University of New England graduates largest class in its history
On May 21, 2016, the largest graduating class in the history of the University of New England (UNE) received degrees at the university’s 181st Commencement ceremony at the Cross Insurance Arena in Portland. UNE conferred 1,747 degrees and certificates in total, granting 524 undergraduate degrees, 916 master’s degrees and certificates and 307 doctorates to members of the class of 2016.

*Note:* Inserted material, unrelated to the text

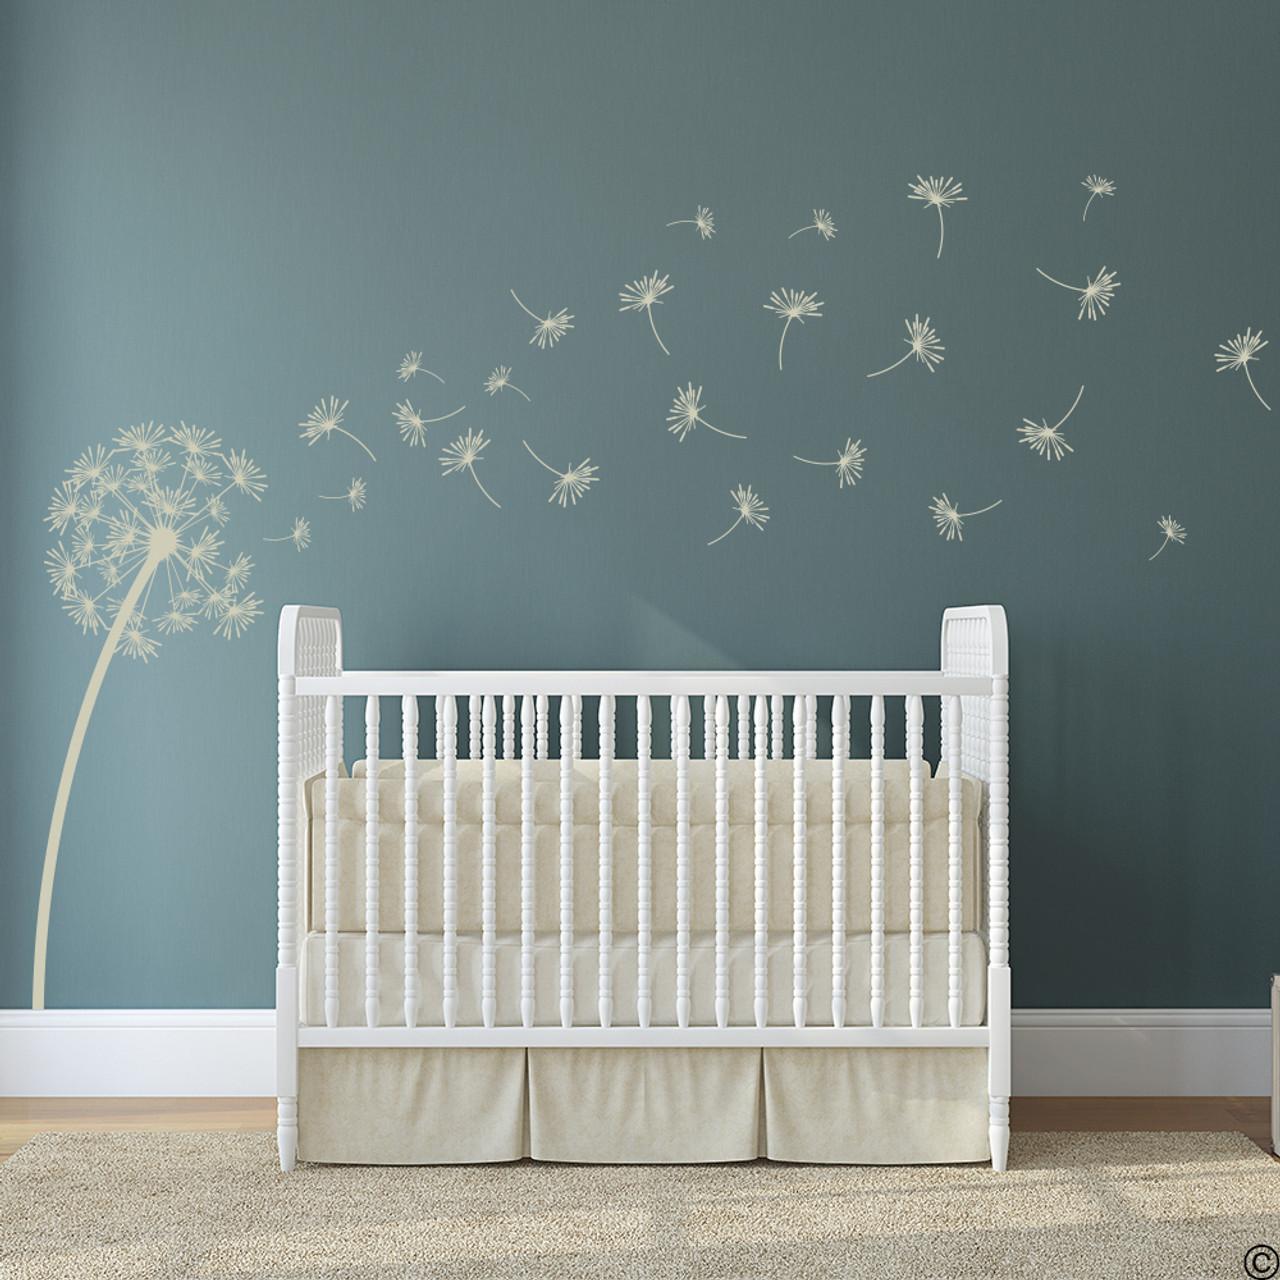 The Glinda dandelion vinyl wall decal in warm grey

UNE President Danielle Ripich, who has overseen an increase of enrollment from 4,000 to more than 10,000 students, views Commencement as a fitting occasion to honor growth. “It is not just our numbers that have grown,” she commented. “The university has grown tremendously in its offerings to our students. We’ve added three new colleges, numerous buildings, our own research island and a new, international campus in Tangier, Morocco. The experiences that the growth of UNE has afforded to its graduates have allowed them, in turn, to grow academically, professionally and personally and have led them down the path to this celebratory day of graduation.”
Commencement speaker Dr. Robert Michael Franklin Jr. addressed members of the graduating class of 2016. He is the James T. and Berta R. Laney Professor of Moral Leadership at Emory University in Atlanta and the director of the Religion Department of the Chautauqua Institution. He served as senior advisor for Community and Diversity at Emory, as a visiting scholar in residence at Stanford University’s Martin Luther King, Jr. Research and Education Institute, and as president of Moorehouse College from 2007 through 2012. Franklin was previously a faculty member of the University of Chicago, Harvard Divinity School, Colgate-Rochester Divinity School and Emory University. From 1997 to 2002, he was the president of the Interdenominational Theological Center, the graduate theological seminary of the Atlanta University Center Consortium.